### Work instructions
Everything from the line with "My favorite dental" down to the line with "PARTAGEZ CE PRODUIT" below must be printed exactly, those two lines included. Exclude pictures.

### Information given
-------------------------

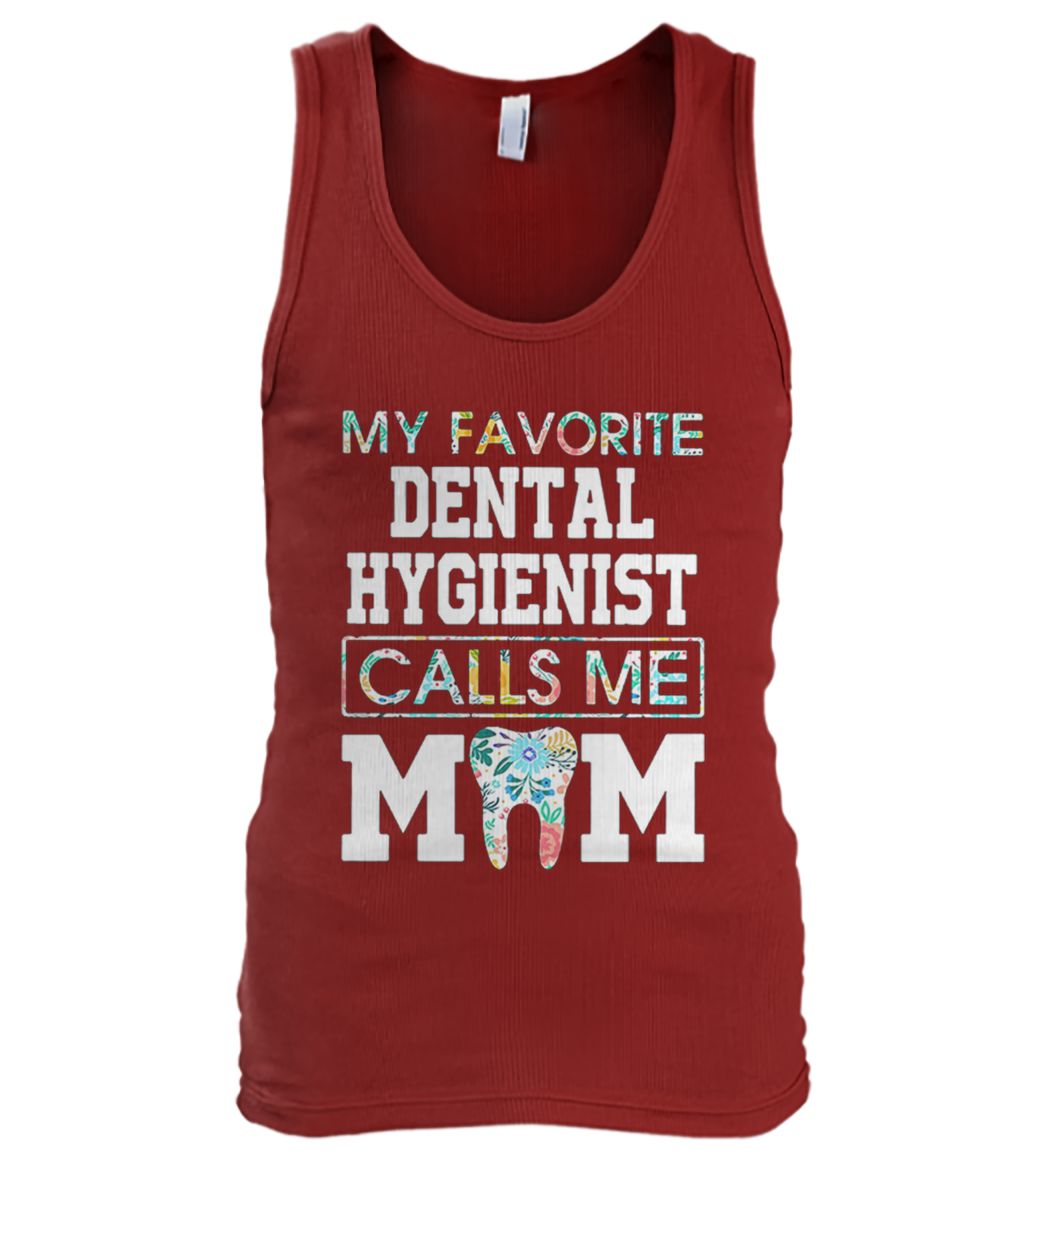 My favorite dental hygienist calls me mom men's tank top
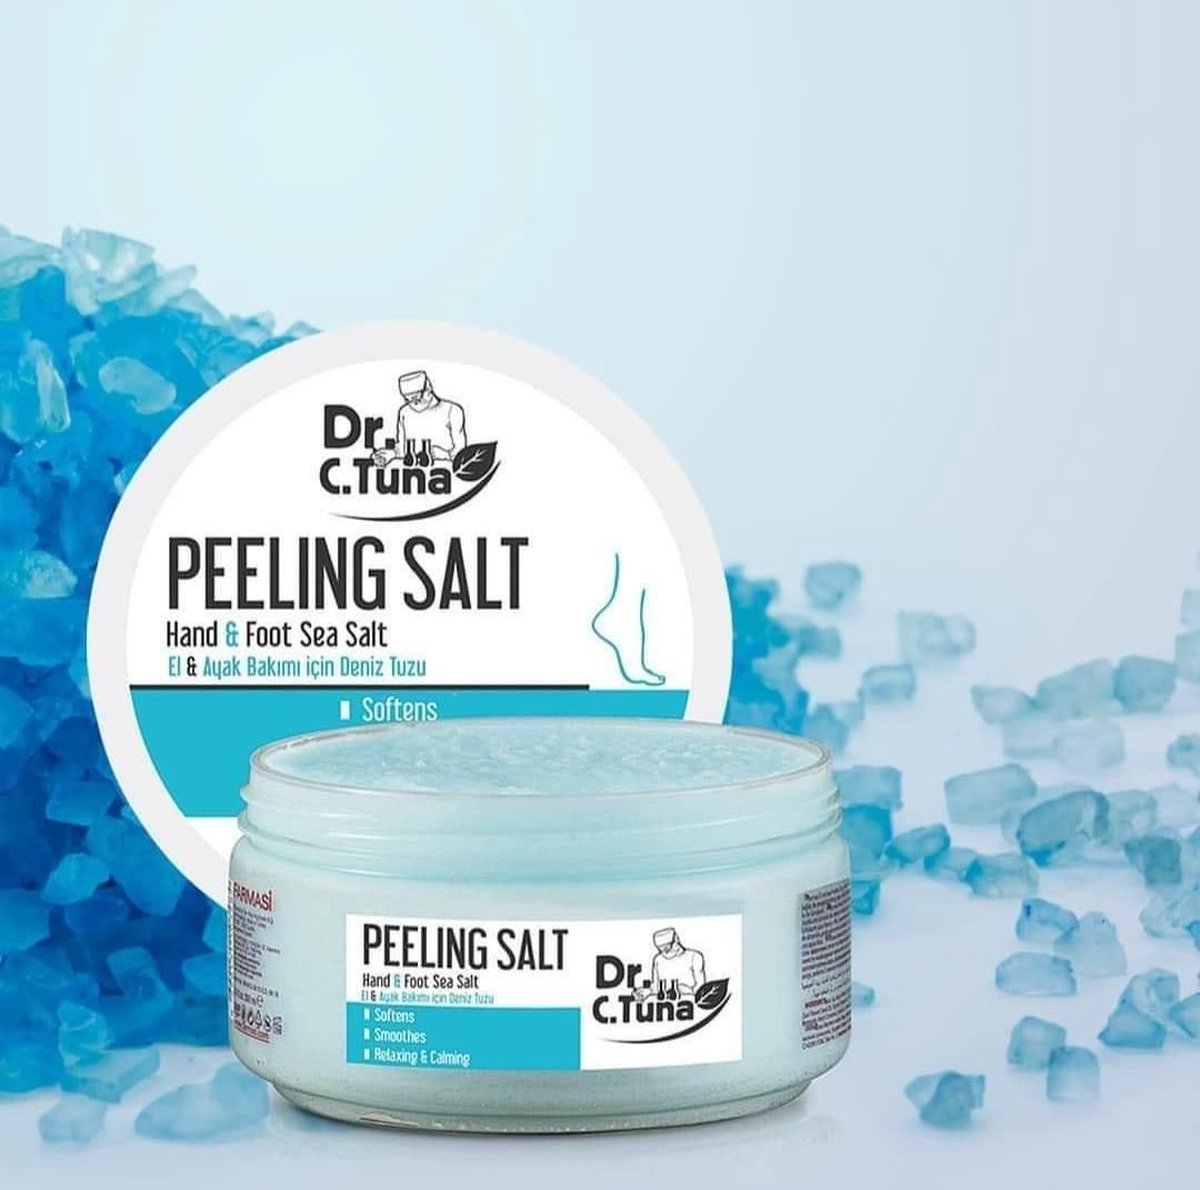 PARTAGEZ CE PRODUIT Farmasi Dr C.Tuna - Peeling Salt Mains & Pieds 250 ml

-------------------------

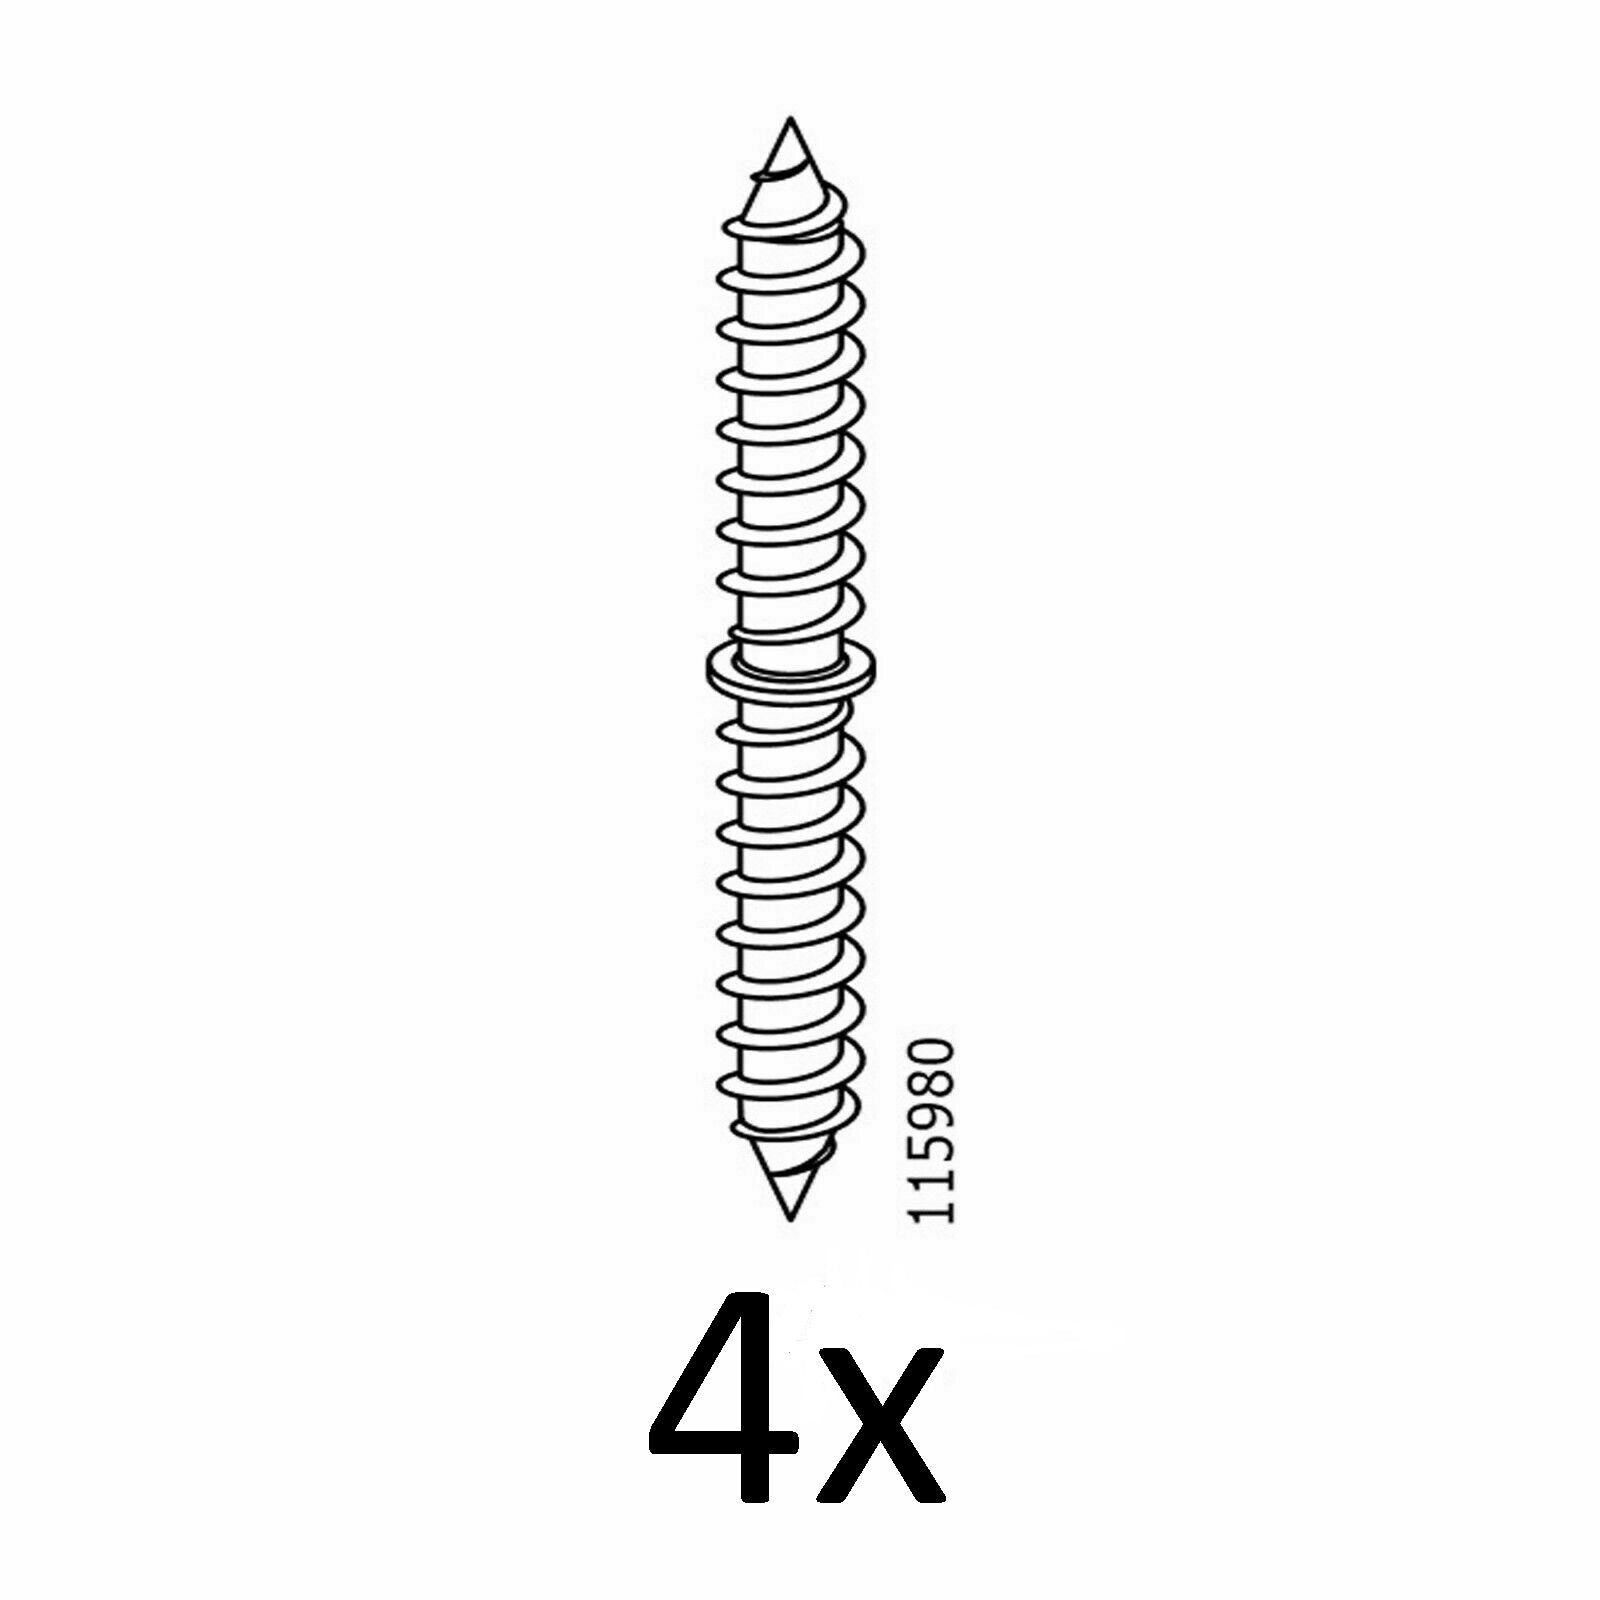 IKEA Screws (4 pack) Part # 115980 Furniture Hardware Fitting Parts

-------------------------

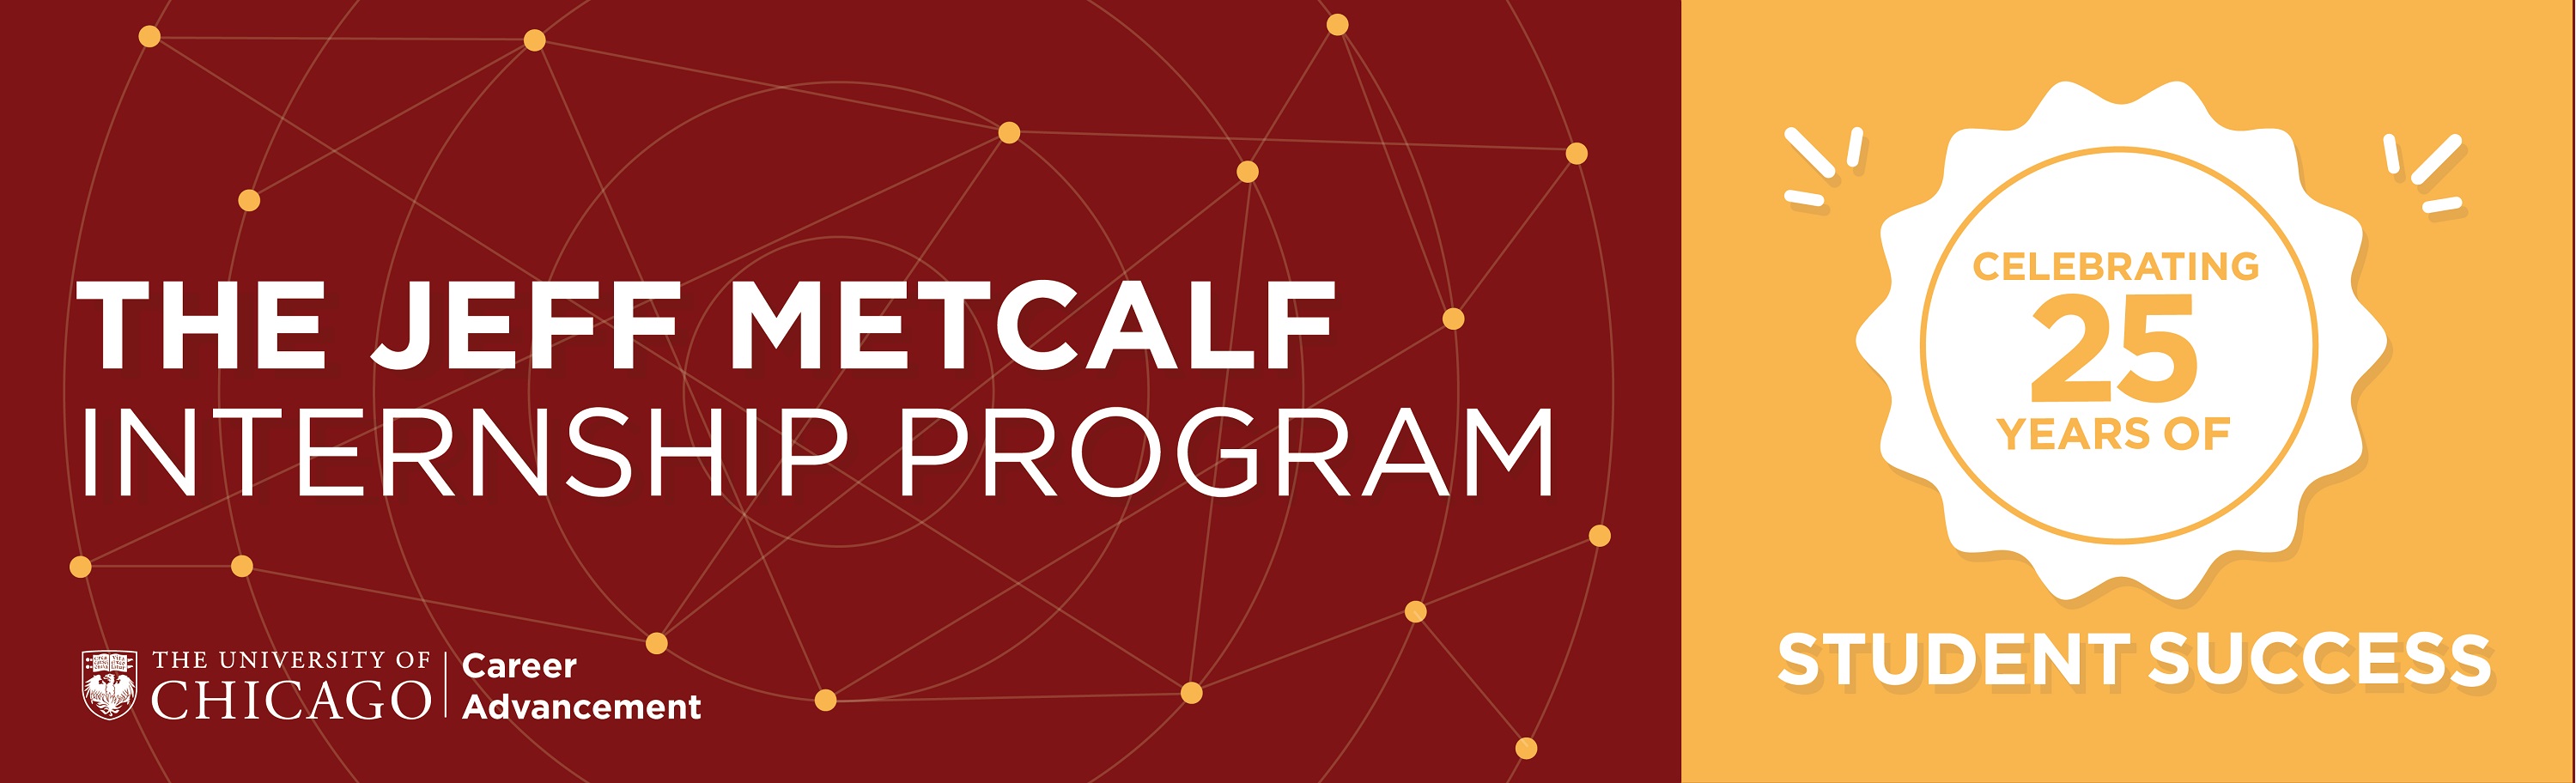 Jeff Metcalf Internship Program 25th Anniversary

-------------------------

### Output for this task
 My favorite dental hygienist calls me mom men's tank top
 PARTAGEZ CE PRODUIT Farmasi Dr C.Tuna - Peeling Salt Mains & Pieds 250 ml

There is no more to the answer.